== EXERCISE ==
Pictures in the material below are to be left out, and only the lines from the line with "20181110 SigGen LiqPlat" up to and including the line with "fun Alaska elopement photos" are to be written out exactly.

== RECORDS PROVIDED ==

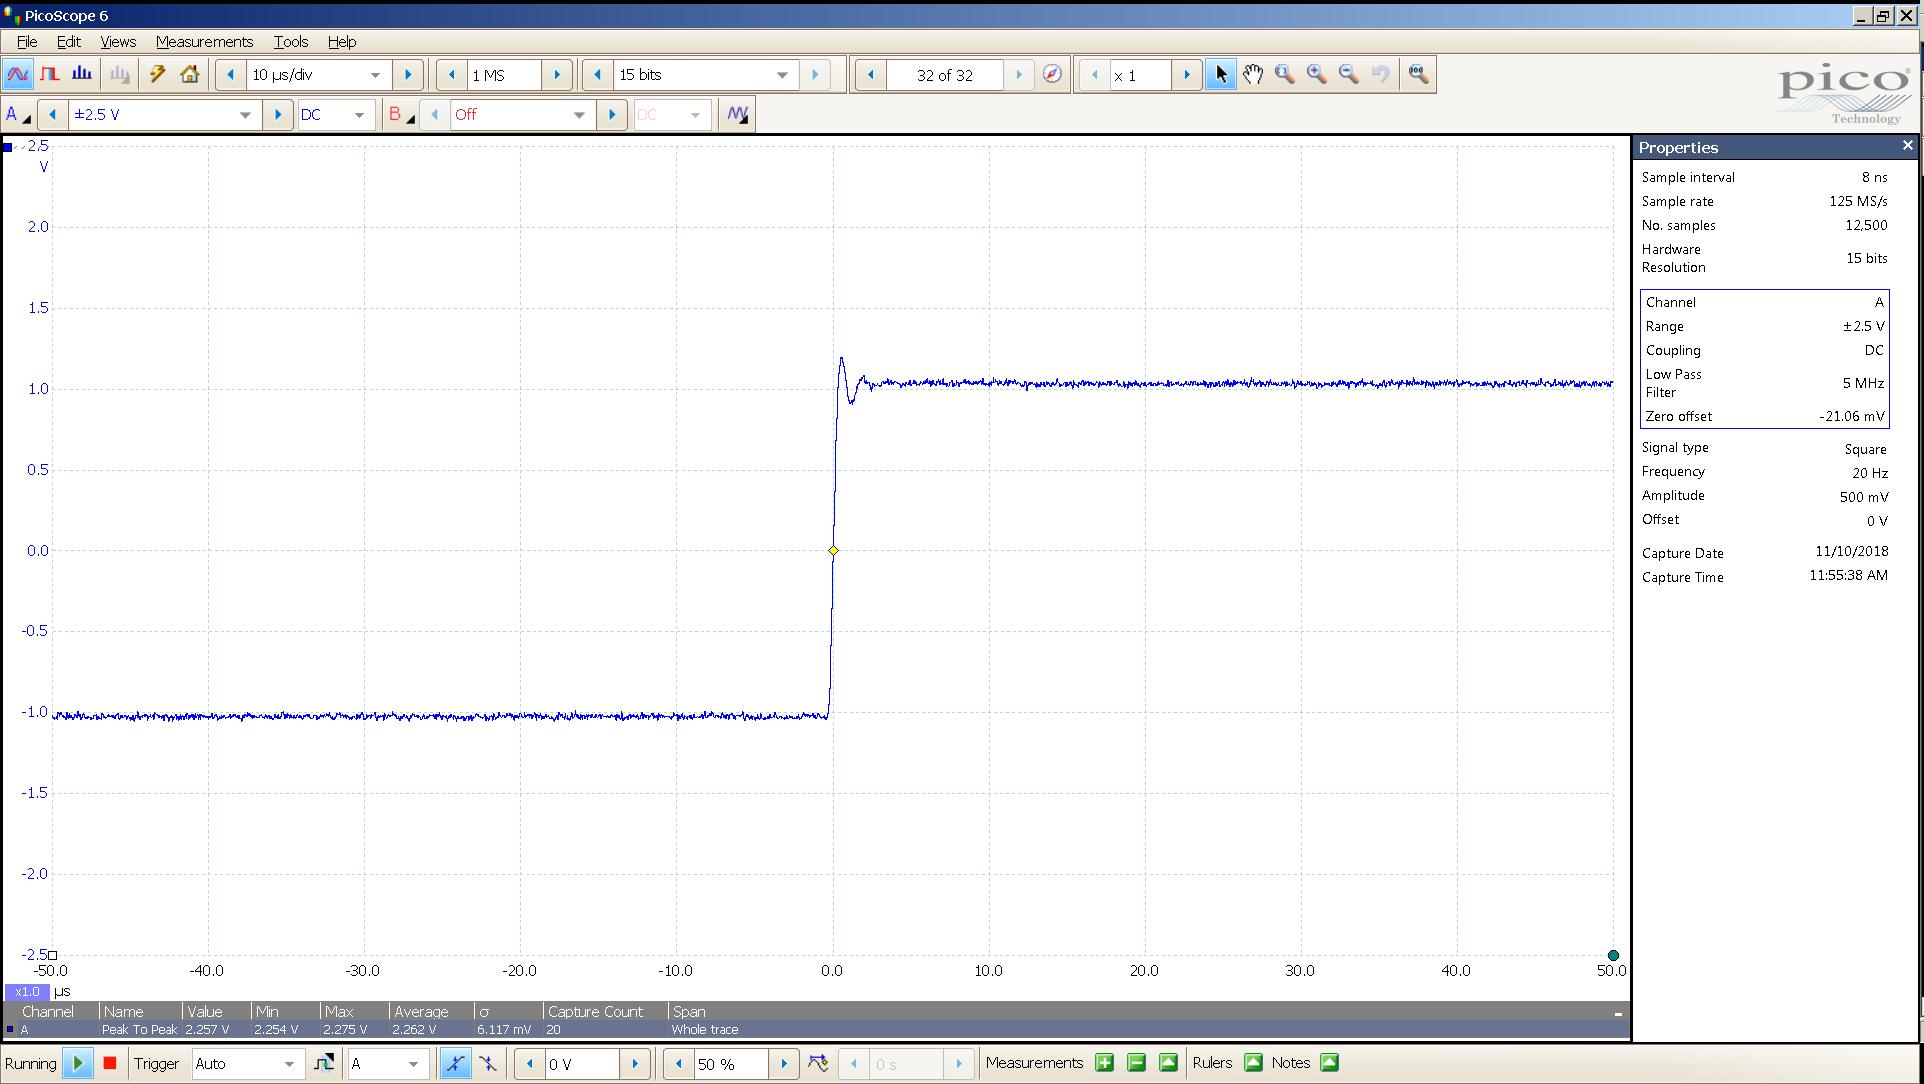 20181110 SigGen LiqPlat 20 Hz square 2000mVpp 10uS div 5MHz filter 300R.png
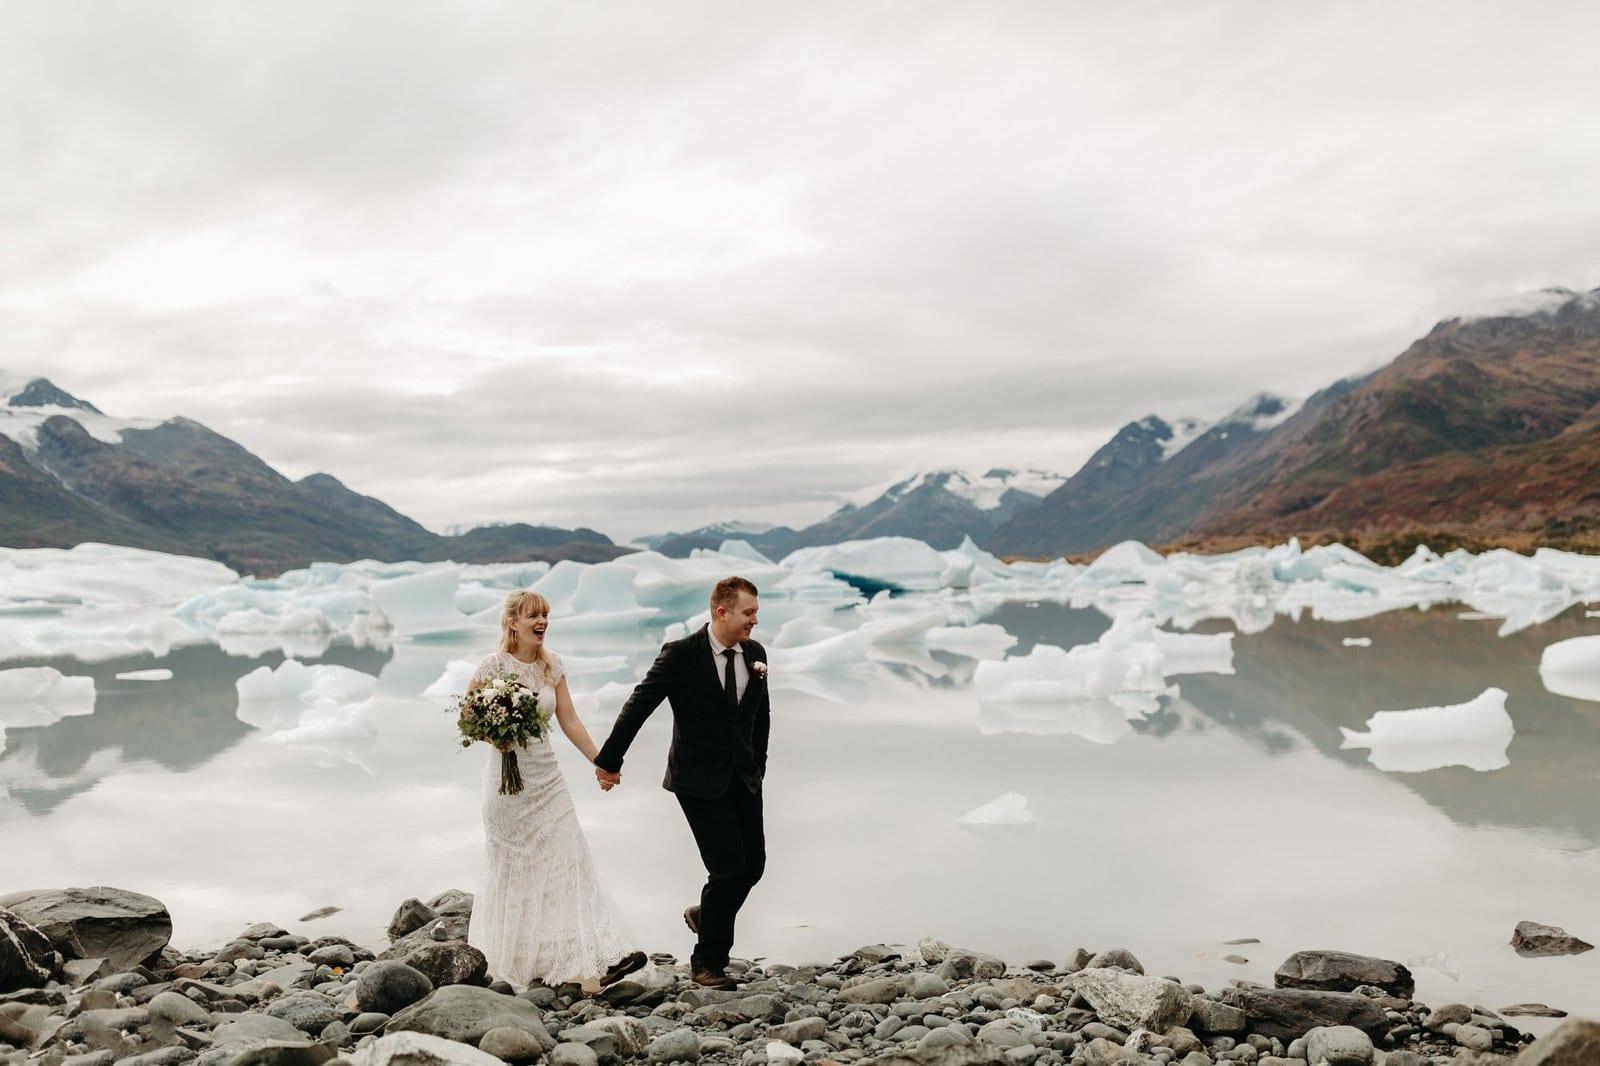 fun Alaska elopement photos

==

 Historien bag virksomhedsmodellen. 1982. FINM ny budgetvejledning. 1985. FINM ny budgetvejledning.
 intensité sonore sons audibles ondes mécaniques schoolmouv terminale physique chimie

---

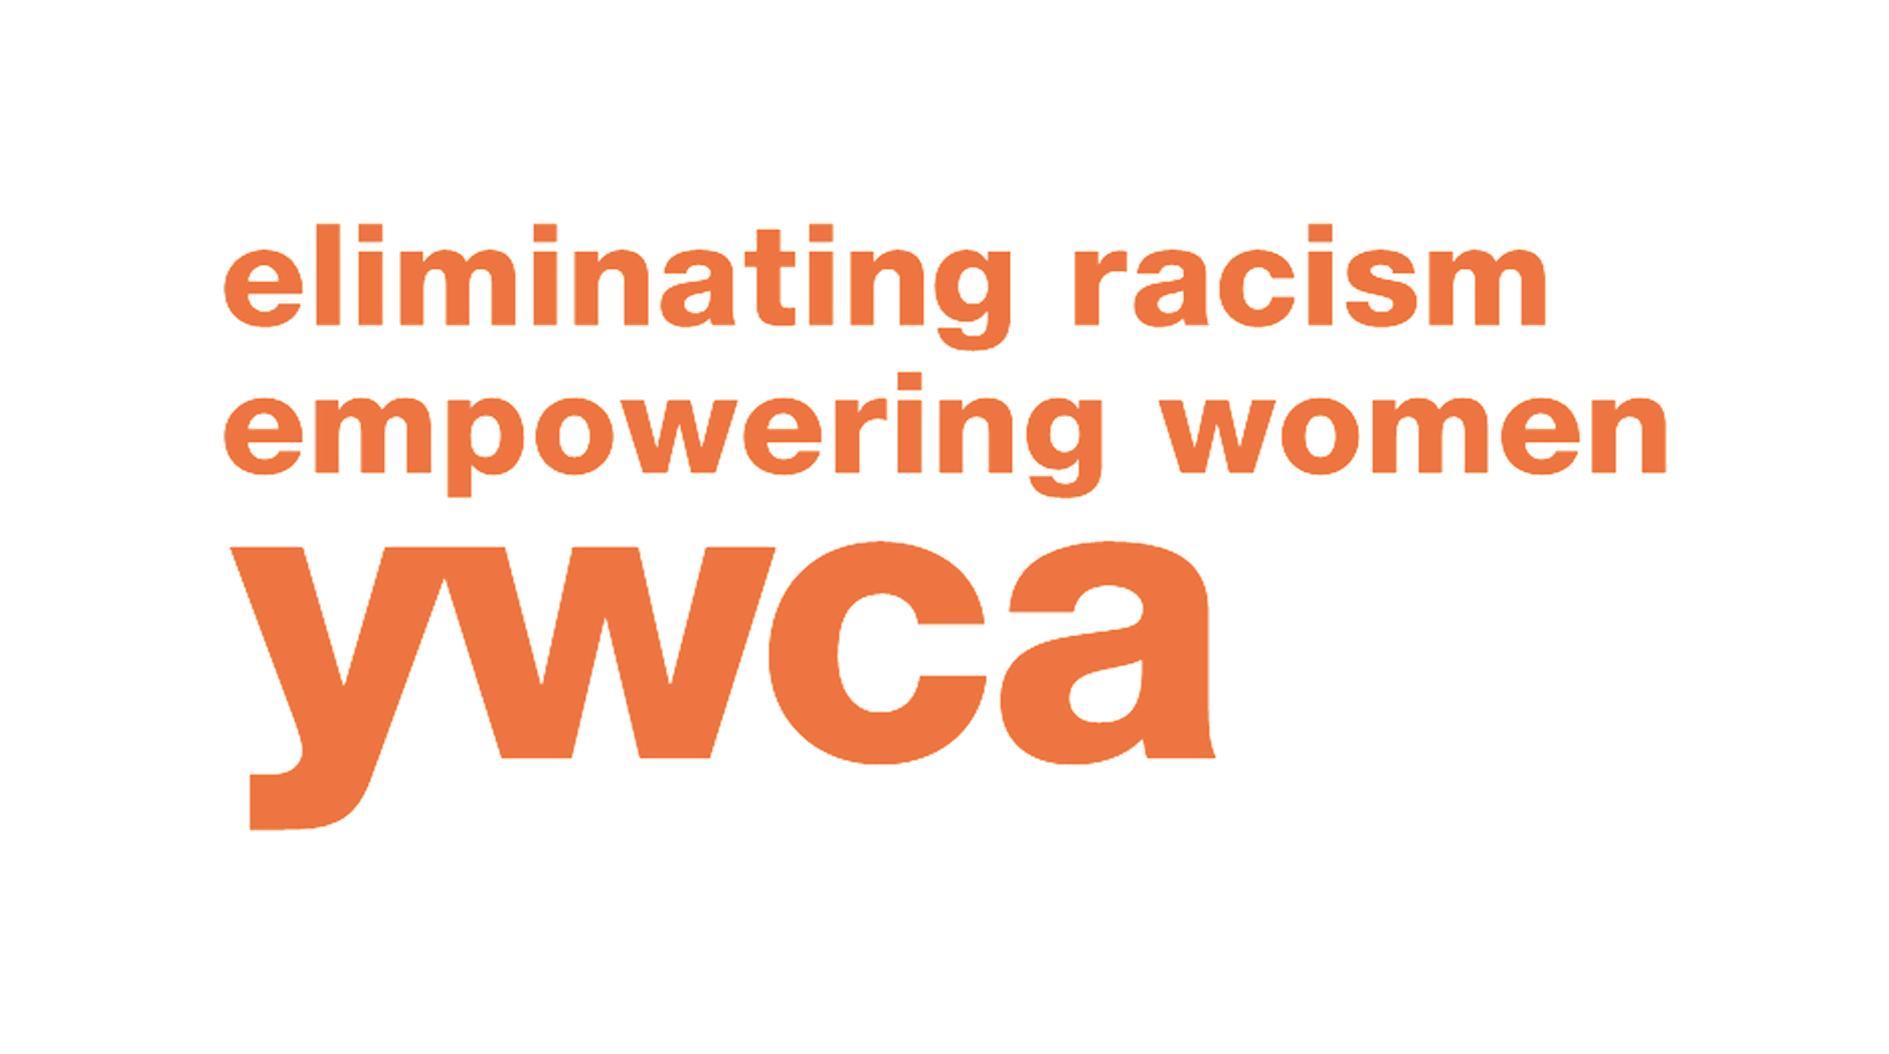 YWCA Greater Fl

== THE ANSWER ==
 20181110 SigGen LiqPlat 20 Hz square 2000mVpp 10uS div 5MHz filter 300R.png
 fun Alaska elopement photos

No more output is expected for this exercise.